Once an offer has been made, your estate agent will carry out checks on the buyer and then inform you both verbally and in writing of the details.
Whether or not you accept an offer is your decision, but your estate agent will be able to give you guidance on whether they feel there is an opportunity to negotiate. This is a critical time in the property selling process, and any negotiating may require several calls between you and your estate agent, and likewise between your estate agent and the prospective buyer. Do your best to make yourself available for calls, as any delays at this point could have a negative impact on the potential sale.

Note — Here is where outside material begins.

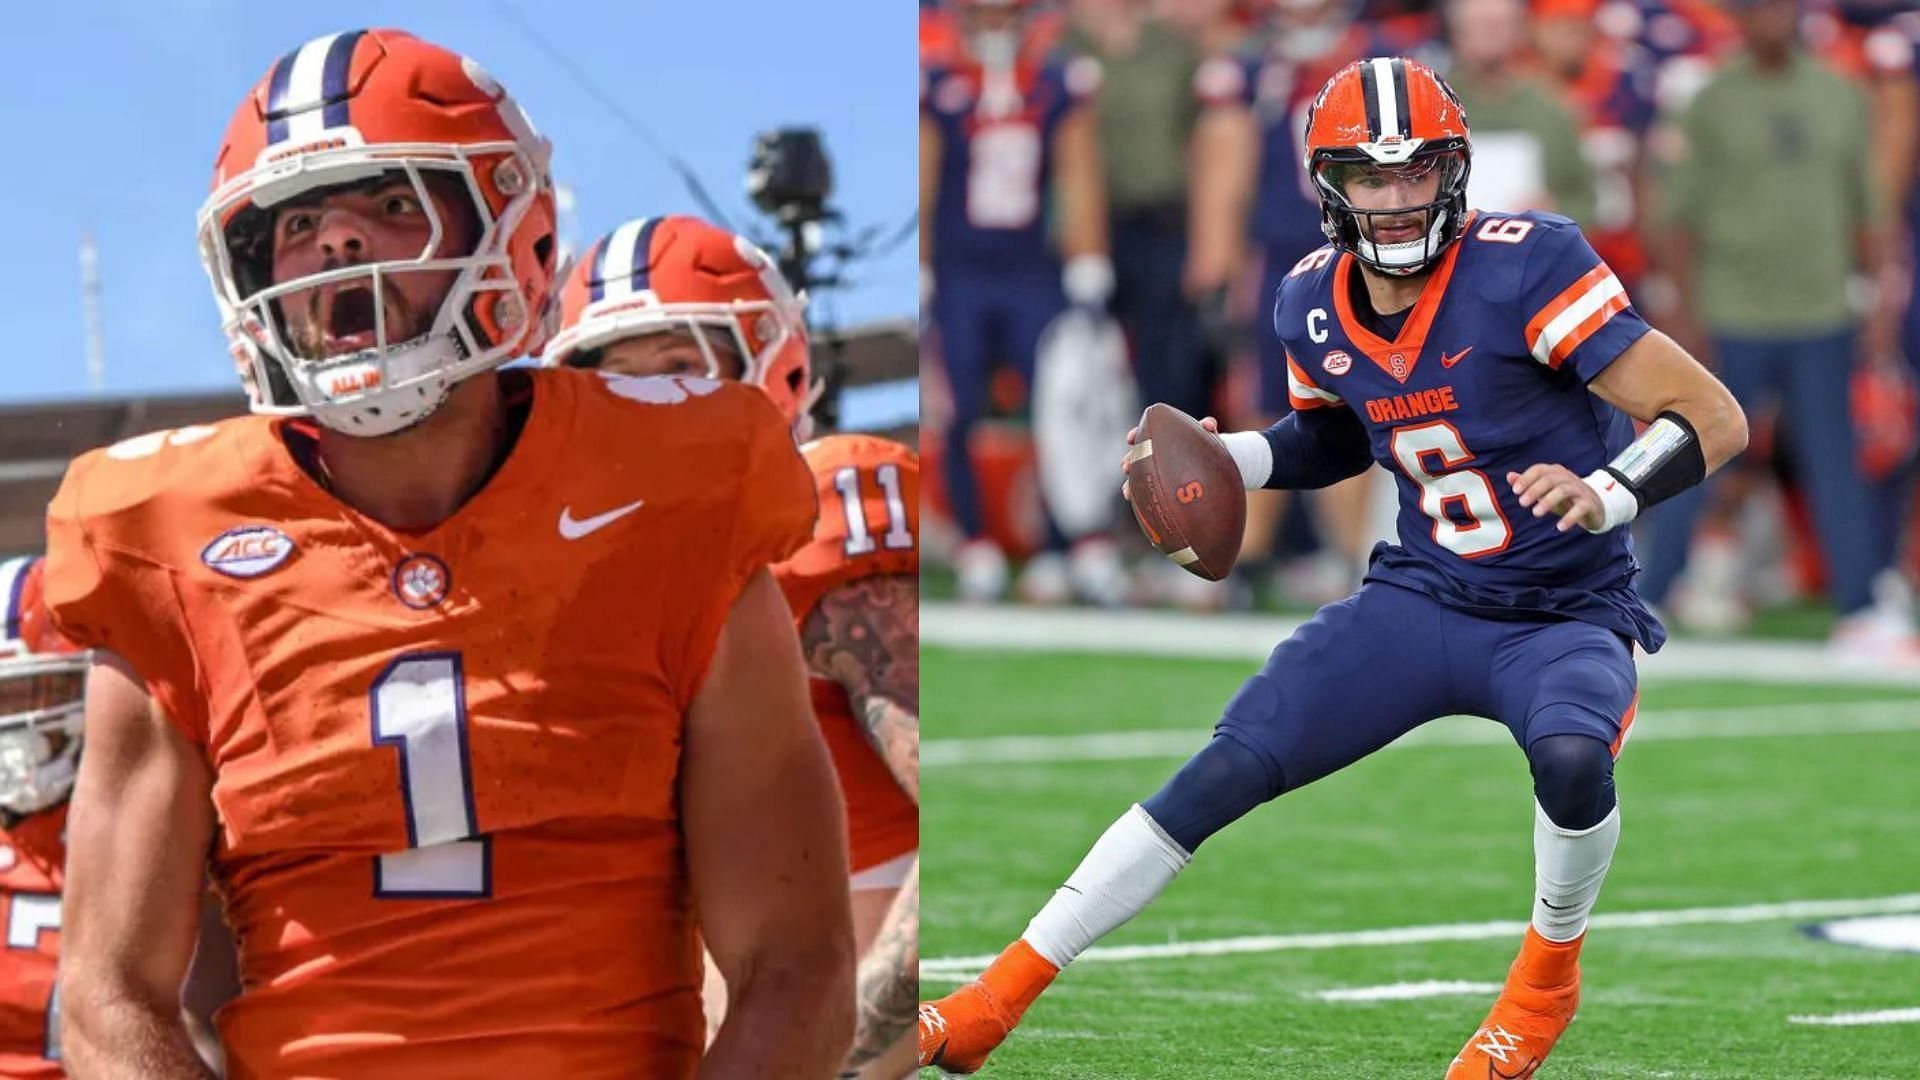 Clemson and Syracuse have played annually since 2013

If you have several offers you should consider the position of the buyer as well as the offer itself. Estate agents will usually ask the buyer questions to evaluate suitability and help make a judgment on how ready they are to follow through with their offer.

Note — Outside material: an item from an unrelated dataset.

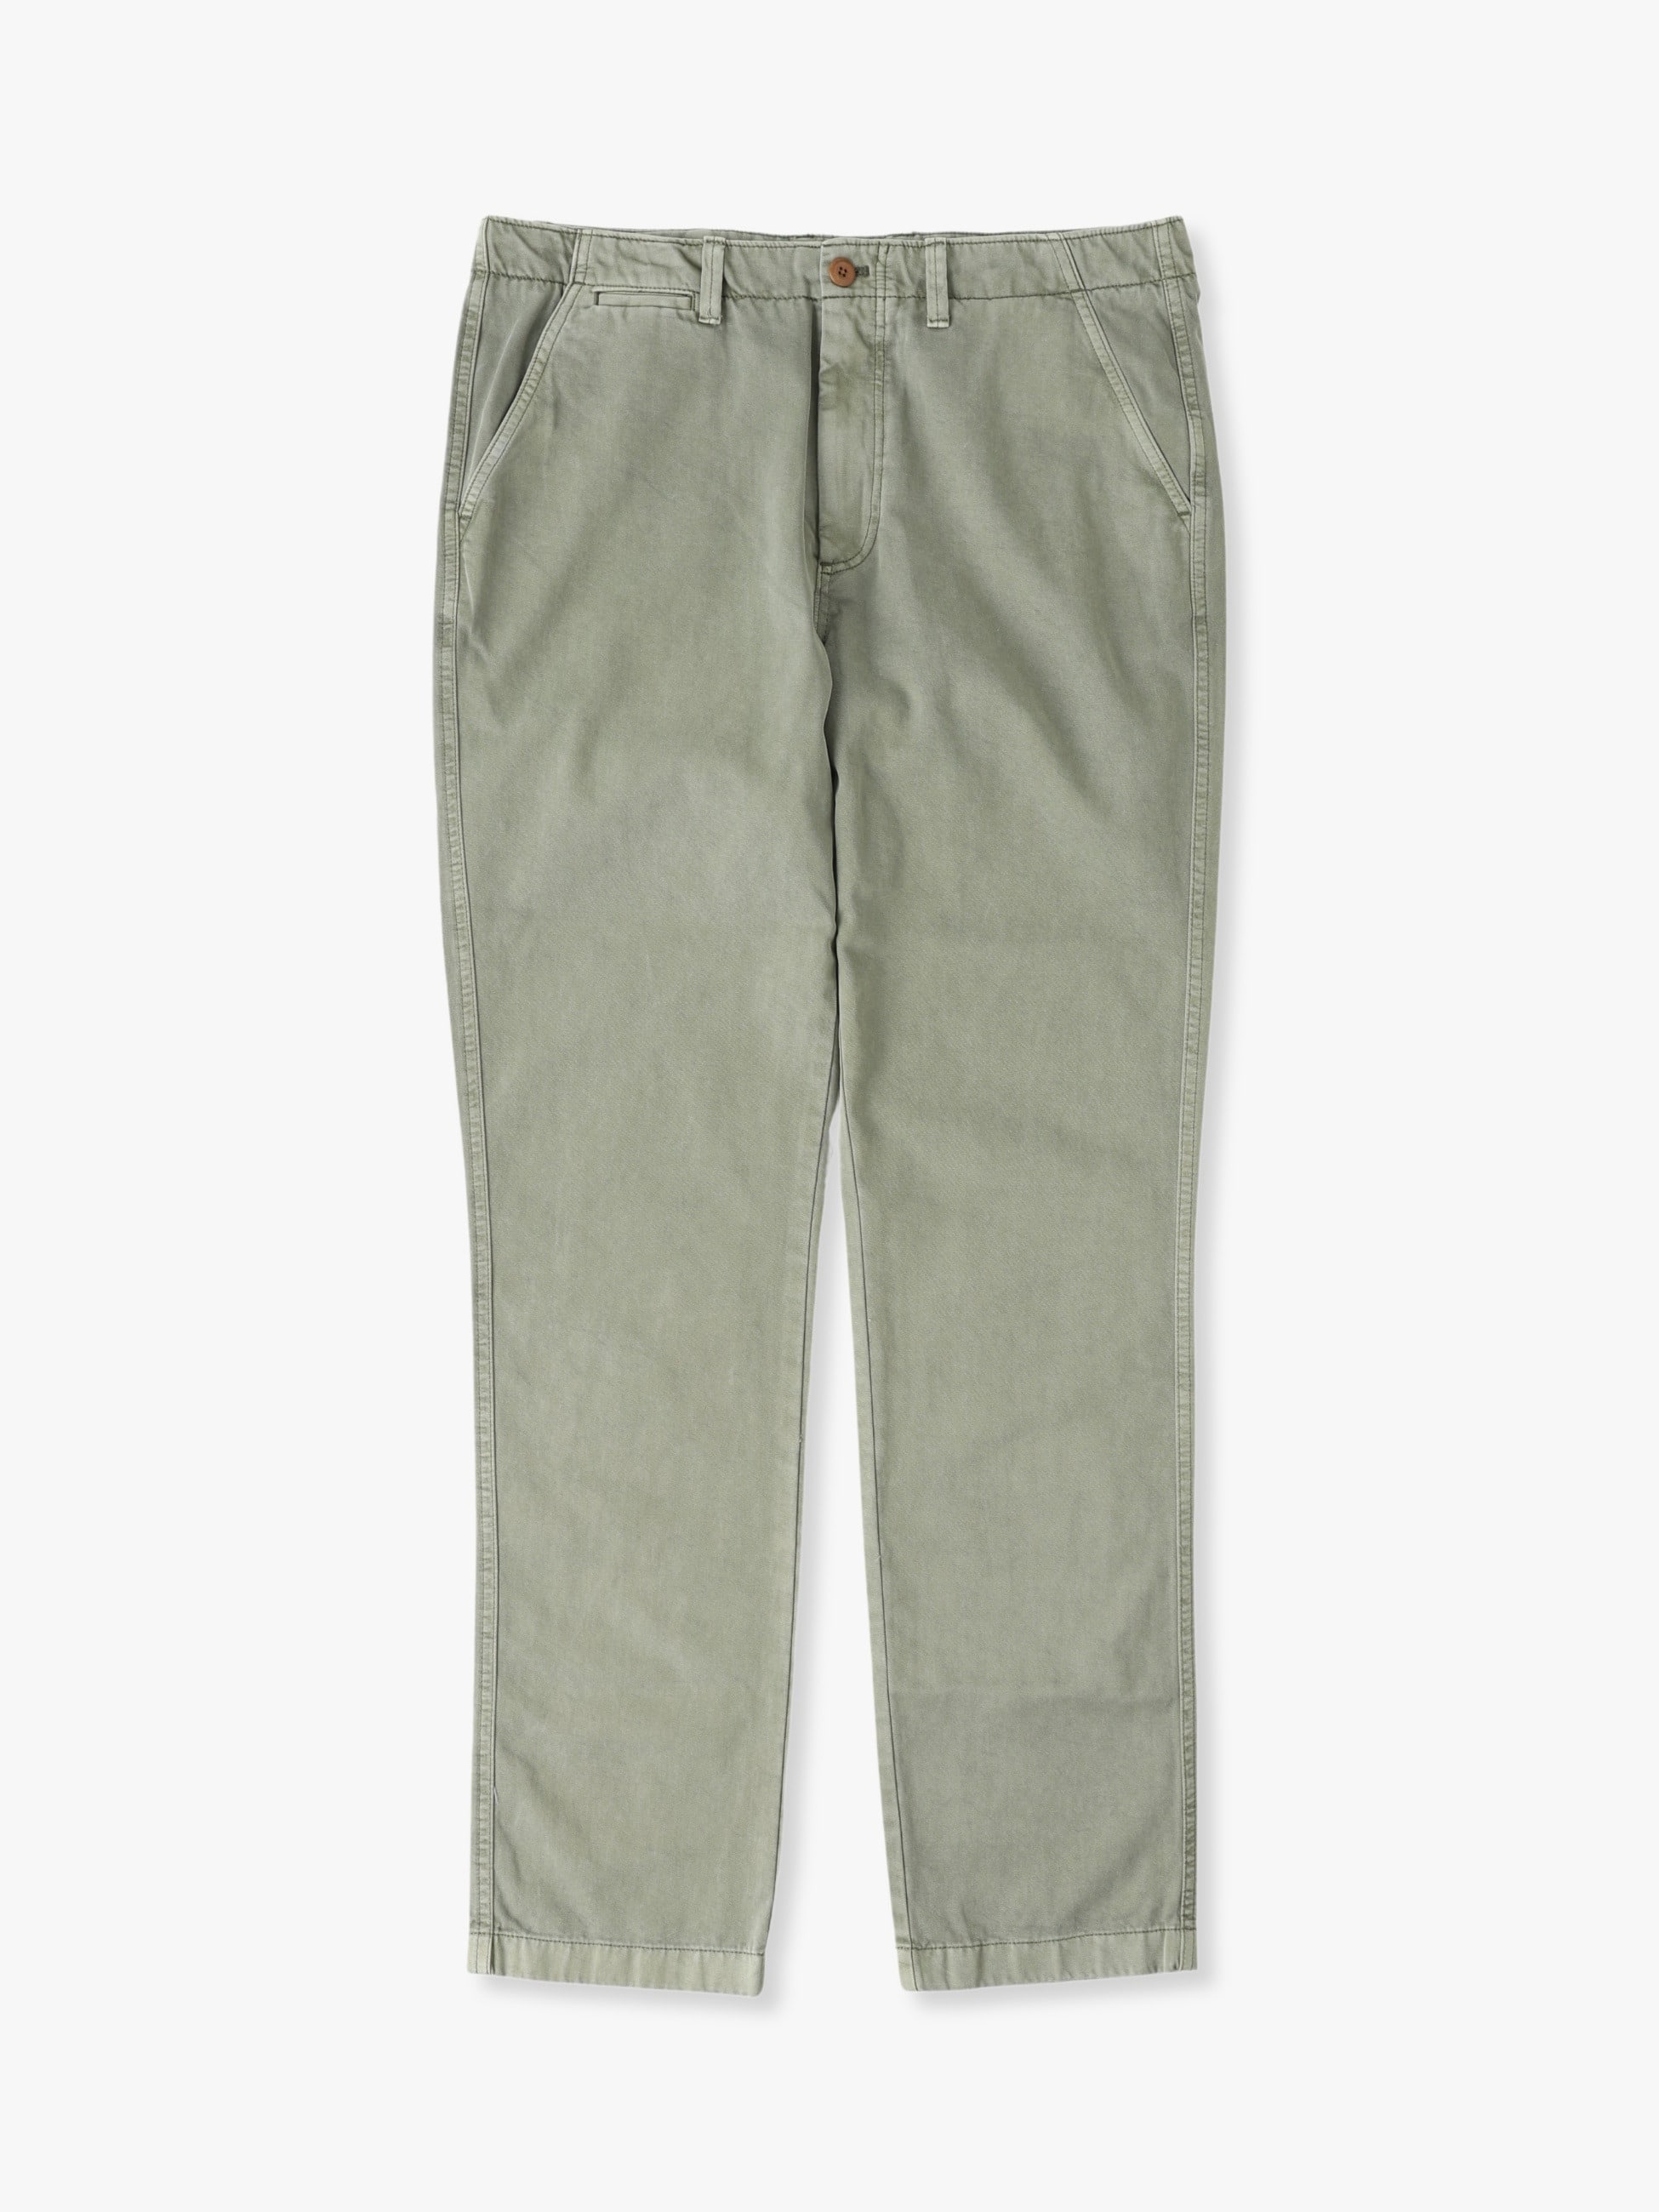 RH Vintage Organic Cotton Chino Trousers | camillevieraservices.com

Generally speaking, the estate agent will be looking to ascertain which of the following positions describe the potential buyer:
- Cash or unencumbered buyer: These are attractive buyers, as there are fewer obstacles that could hinder the process
- First time buyer: These buyers are not within a property chain, so they are less dependent on external influences
- Property on market under offer: These buyers are at an advanced stage in selling their existing property so should be ready to move relatively soon
- Property to sell on market: These buyers are also in the process of selling a property, so the sale of their property might affect the onward chain
- Mortgage agreed in principle: You can be assured that these buyers have sufficient funds to complete the transaction, and they have already taken care of one of the bigger tasks
- Property solicitor appointed: Buyers who have already appointed a property solicitor will usually be able to proceed quicker with the transaction
- Property to sell not on market: These buyers might be browsing, or are yet to begin the property selling process. If they are dependent on selling their existing home, it could be some time before these buyers are in a position to move
Sealed bids might be used in areas where market demand is high and properties are attracting interest from a large amount of prospective buyers.
After the viewings, your estate agent will contact any interested parties and ask them to submit their best and final offer by a given deadline. It is usual practice to also ask the buyer to state their readiness to proceed (i.e. do they have the mortgage agreed in principle? Are they a cash buyer? Is their current home not yet on the market?). In some cases the prospective buyers may include personal information in a bid to make their offer more appealing.
Once all bids have been submitted, it will be up to the seller to choose the most appealing offer.
If two or more bids are equally appealing, you may ask for further bids or you can determine the winner based on who is first to arrange a survey or contract. Contract races can be costly to the bidder who misses out, so taking this approach may discourage the bidders from proceeding further.
When an offer has been chosen and accepted, as with any property transaction, it only becomes legally binding at the point of the contracts being exchanged.